# Brown spots at the base



## iwillard (Apr 19, 2015)

Curious spots appeared on this plant,it is on the new side growth and 2 new growths are coming out.

It isn't wet spots but moisture looks to creep upwards on the leaves. It's been 3 weeks since they were hit with mancozeb,I spayed the area with copper fungicide but I feel it will be best to remove it from mama plant which does not seem affected..yet.. anyone can chime with your thoughts as to what maybe wrong with this growth?


----------



## Justin (Apr 19, 2015)

that is rot, remove that growth quickly.


----------



## iwillard (Apr 19, 2015)

Done! Thank you, Justin.


----------



## SlipperFan (Apr 19, 2015)

And watch the other like a hawk. I see a brown spot which could be erwinia spreading.


----------



## TyroneGenade (Apr 19, 2015)

Inject the sight with H2O2 and hope for the best...


----------



## abax (Apr 19, 2015)

I had a Paph. with one leaf like that and I used Cleary's
a couple of times and the plant is fine now. The spot is
still there, but the plant is growing well and the damage
has stopped.


----------



## iwillard (Apr 19, 2015)

Just finished spraying 10% liquid copper to all the paphs. The stand they are in got a heavy duty 33% hydrogen peroxide spray,everything was bubbling away

I did cut off the piece until I reached the nice white base then applied 33% H2O2 to the cut,once it dried a bit applied dragon's blood.
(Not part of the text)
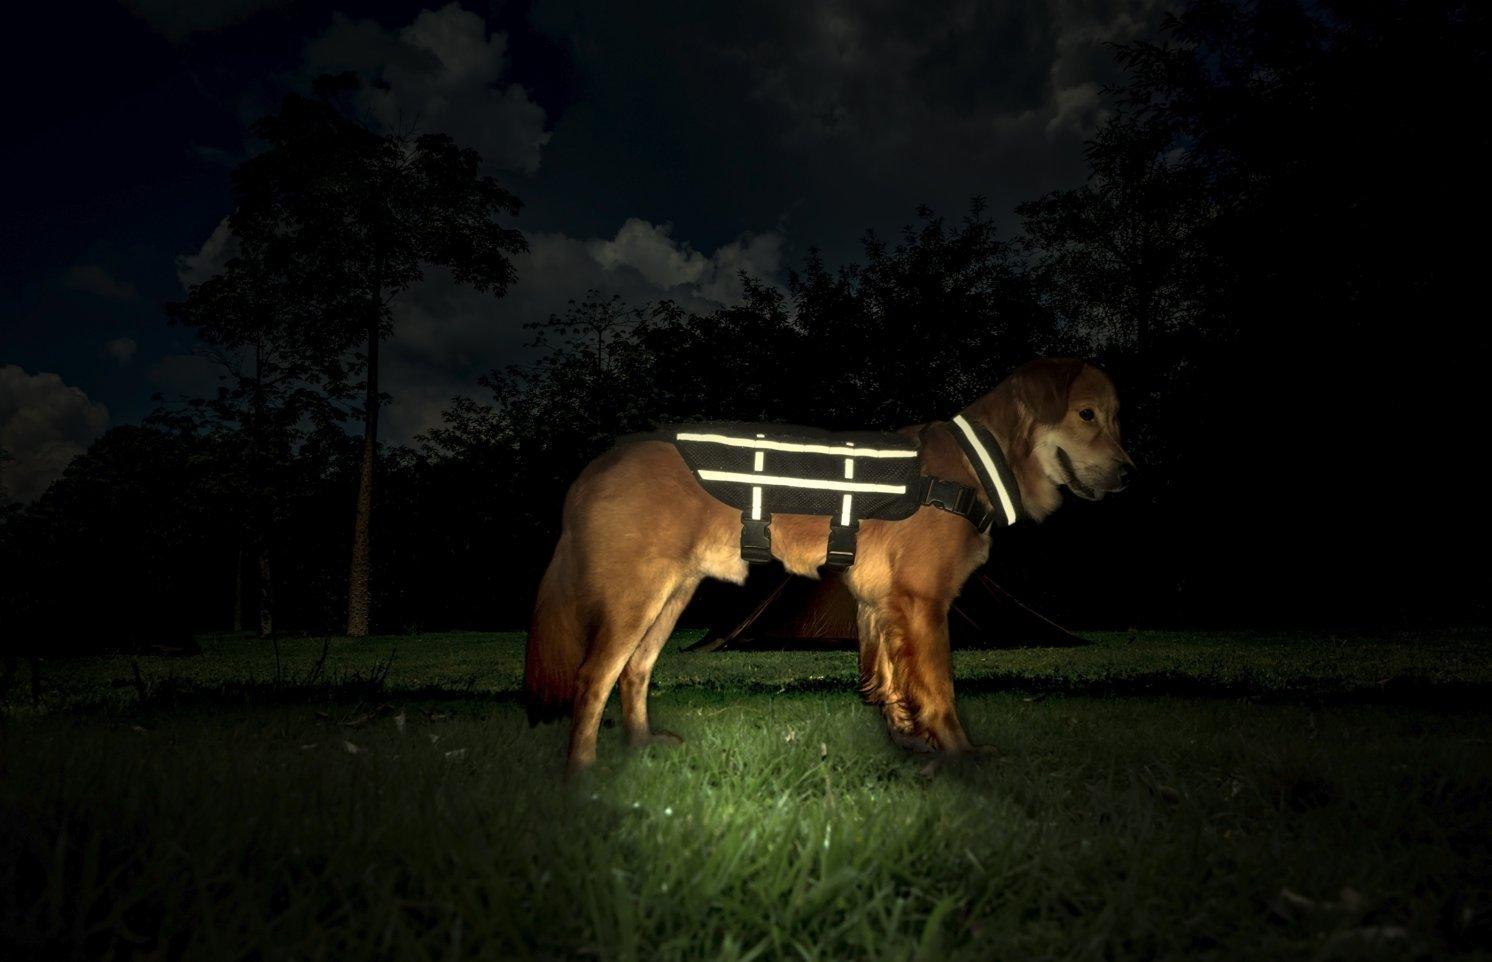 1T Gear OneTigris Leicht Hundeweste Taktische K-9 Mesh Atmungsaktiv Harness MOLLE Hunde Geschirr Verstellbar Hundeausbildung Geschirr für Training,Walking Walking (L Wolf Braun)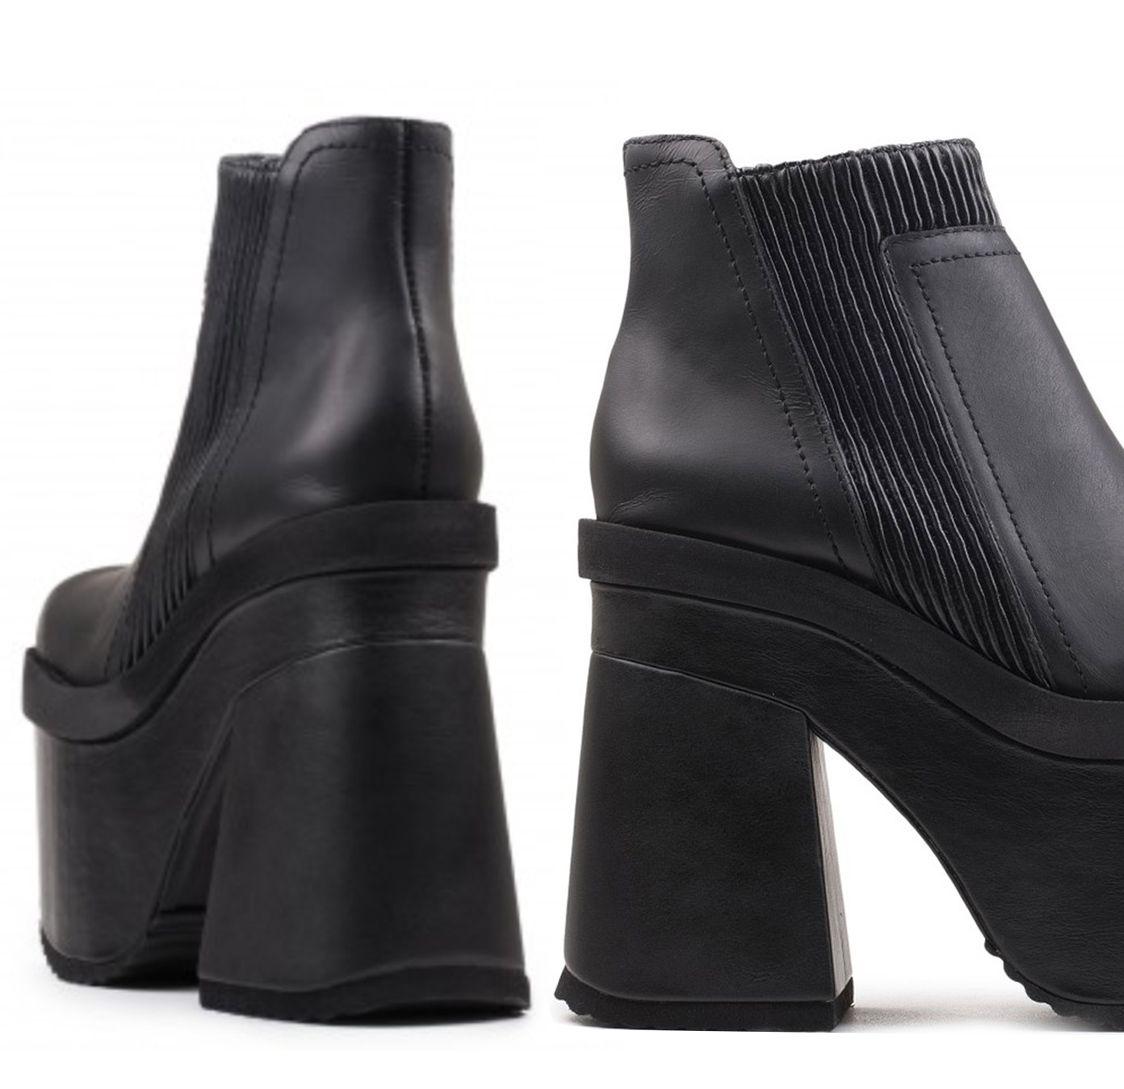 3c41945bee10  Glencoe  by Jeffrey Campbell.  Platforms  blackboots for women.

Thank you Justin,Dot and Tyrone.

Abax,they were treated with mancozeb and cleary's last week in March, I can start with twice a month preventive applications.


----------



## cnycharles (Apr 20, 2015)

I don't believe either of those fungicides is bactericidal (if the brown is erwinia) so they wouldn't have prevented that particular rot


----------



## Justin (Apr 20, 2015)

the copper should work though...if the plant can be saved that is. good luck!


----------



## iwillard (Apr 22, 2015)

Second case was identified as erwinia,I pulled all the auction orchids off except for one that was kept under light away from the greenhouse. No need to spread this thing around.

Spent yesterday spraying Physan 20 and dipped the soil/pot and all but got so paranoid last night,I ran to Al's place today and loaded up on more Physan and different sizes of orchiata,tomorrow will be dumping all soils,dipping pots in bleach solution and repotting everything with Physan soaked orchiata.:sob:


----------



## bullsie (Apr 23, 2015)

Inci, I think I send you a paper bag to breath into. You going to hyperventilate on us...


----------



## iwillard (Apr 23, 2015)

bullsie said:


> Inci, I think I send you a paper bag to breath into. You going to hyperventilate on us...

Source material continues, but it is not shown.